At the start of the story, the Grandmother was unable to persuade Bailey, her son, to drive to East Tennessee for the holiday. On the way to Florida, the Grandmother persuades Bailey to stop off at a dirt road to see an old house which she visited once when she was a young lady. But the Grandmother realised that she remembered the location of the house wrongly, and that Bailey was driving towards a non-existent destination. She was flustered by the small mistake and set off a chain of events which contributed to the killing of the entire family. 'A Good Man is Hard to Find' has many elements of the southern gothic literature, with violence, horror and dismal surroundings present in O'Connor's stories. By referencing some of her other literary works, which include 'Good Country People' and 'The Life You Save May Be Your Own', we can tell that her white characters are often deeply flawed - often racist, hypocritical, self centred and usually unlikeable.
At the start of the short story we can form an image of the Grandmother trying to manipulate her family members to achieve her goal of going back to East Tennessee. The Grandmother said 'you all ought to take them somewhere else for a change so they would see different parts of the world', but her ulterior motive was the first and foremost to return and 'visit some of her connections in East Tennessee'. 'She was seizing at every chance to change Bailey's mind', and when Bailey ignored her request, she tried to coerce June Star into agreeing with her or else she would not curl June Star's hair. The Grandmother implemented deliberate action to get to her personal goal even though the characters being manipulated were her own family members.
During the journey for Florida, she successfully manipulated her grandchildren, deliberately enticing them with the promise that there would be a 'secret panel' in the old house just a little way off, accessible by a dirt road, where 'all the family silver was hidden in it'. The readers know that there were no secret panels at all and the Grandmother just wanted to 'find out if the little twin arbors were still standing.' It was not a selfish notion to revisit one's childhood home, but it was a deliberate lie to the grandchildren so that they would persuade Bailey to drive back. O'Connor also added a word, 'craftily' to portray the Grandmother as a wily fox with a personal scheme in mind.
At the end of the short story, the Grandmother valued her life so much that she only pleaded for her life. The dialogue between her and the Misfit started when the Grandmother asked 'you wouldn't shoot a lady, would you?' It was a reference to her being a lady, and 'a' would highlight the fact that she didn't ask 'you wouldn't shoot us, would you?' Indeed, Stephen C. Bandy wrote a journal article which commented that 'there are surely many others who can only be appalled by a calculating opportunist who is capable of embracing her family's murderer, to save her own skin." As part of the Grandmother's traditional upbringing in the South, she believed that a gentleman should ensure a lady's safety and she wanted to ensure her safety, because she was 'a lady'.

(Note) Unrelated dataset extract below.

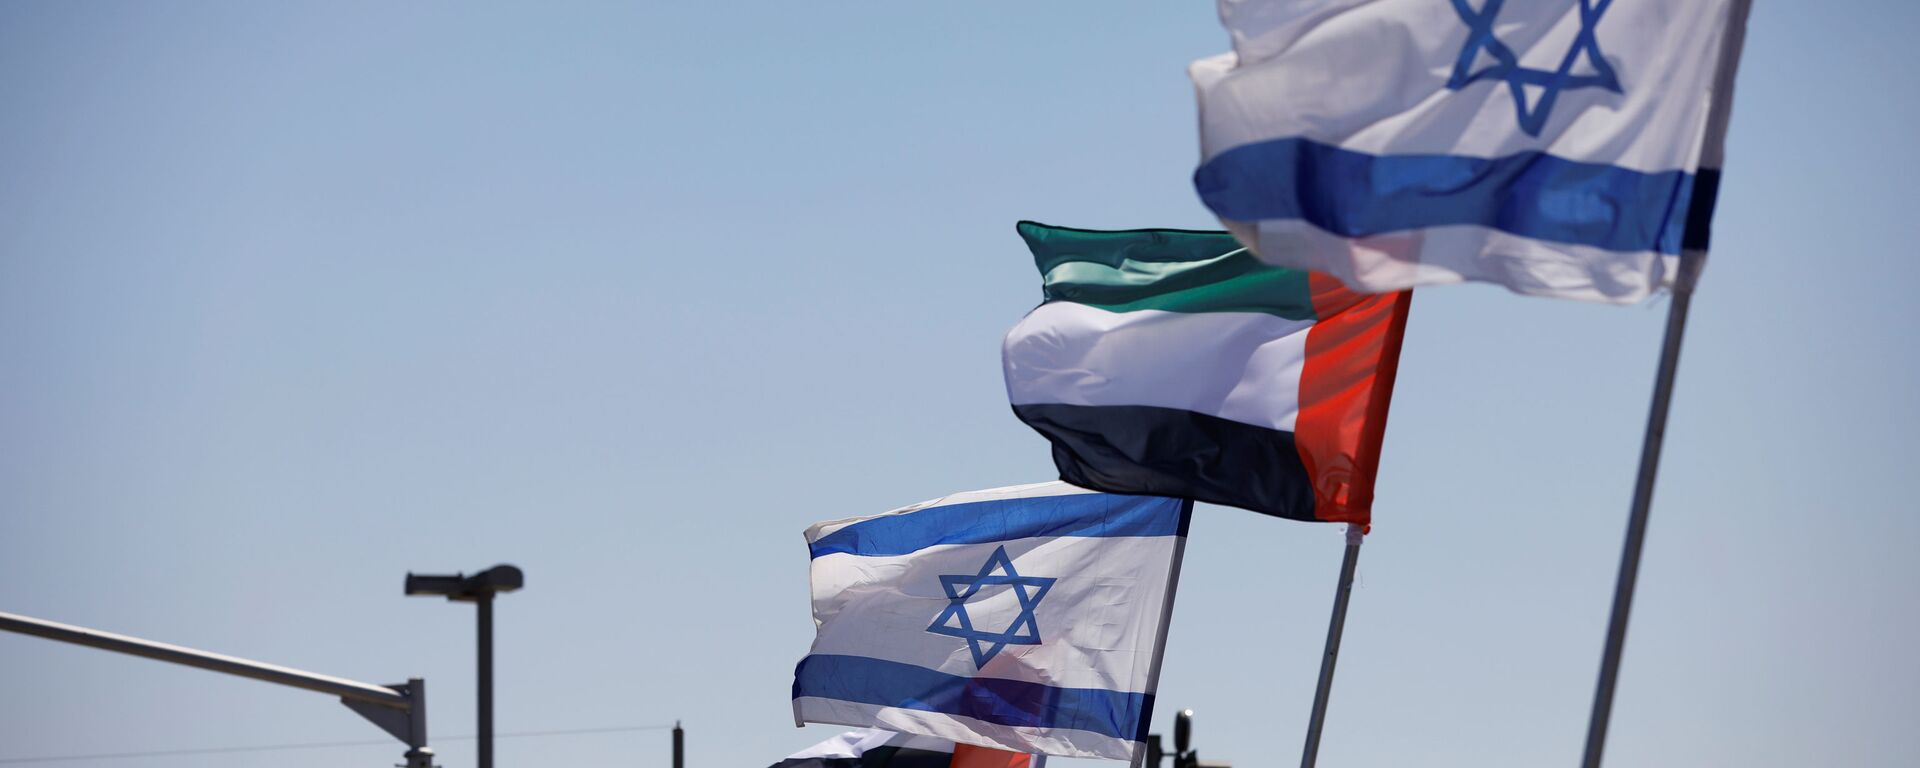 Las banderas de Israel y EAU - Sputnik Mundo, 1920, 28.08.2020
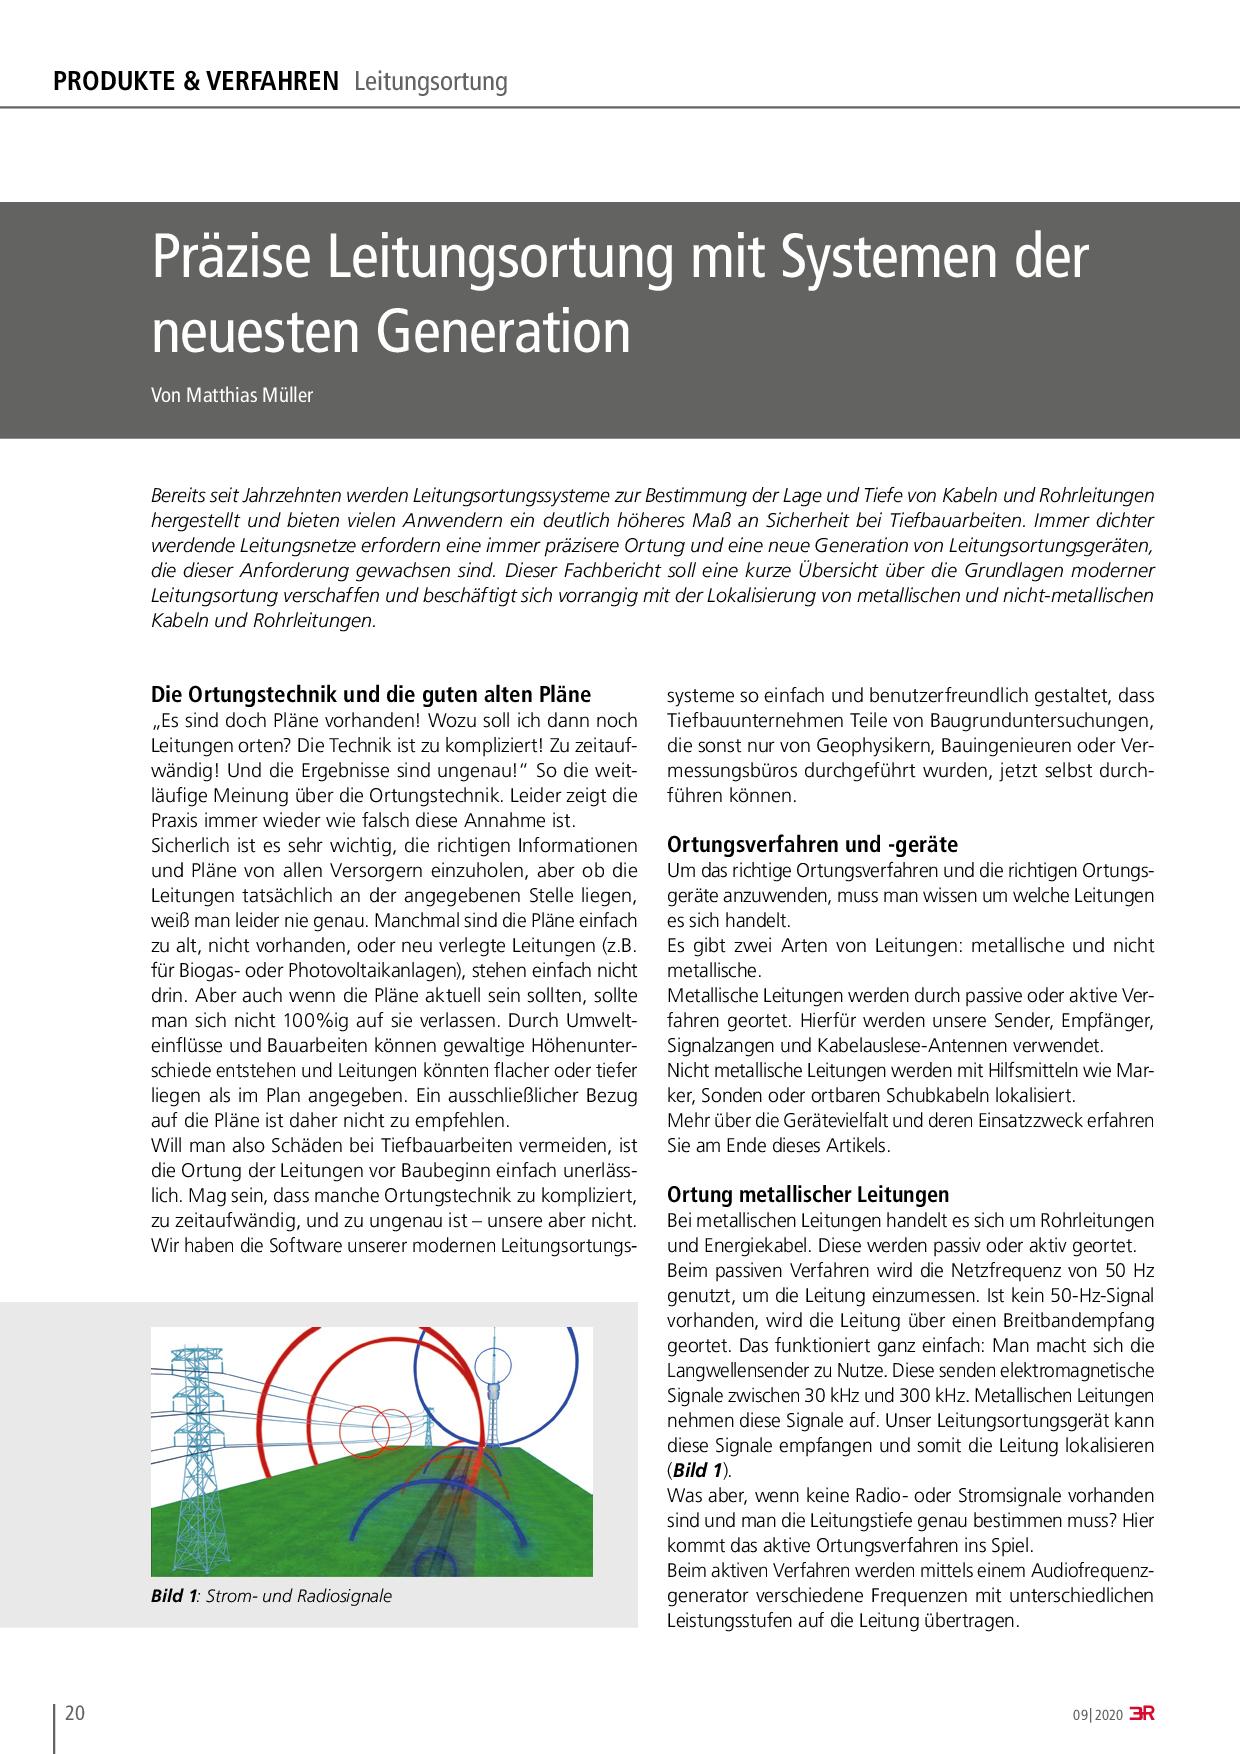 Präzise Leitungsortung mit Systemen der neuesten Generation

Also, the grandmother believed that certain people, like the Misfit had 'good blood', and that she judged a person by the superficial appearance of the person. One of the traditional southern beliefs of the Grandmother was that a person could be considered a good person based on their ancestry or blood. A person from an aristocratic family would be a better person than a person from a proletariat family. She judges people by their behaviour but her own behaviour isn't exemplary or virtuous as she called the negro a 'little pickaninny', which is derogatory term. In 'The Displaced Person' by O'Connor, Mrs McIntyre also had a desire to feel superior to another race. Also, the Grandfather in 'The Artificial Nigger' was racist and the same theme of racism is also reflected in the Grandmother here, as she feels condescension towards the Negro.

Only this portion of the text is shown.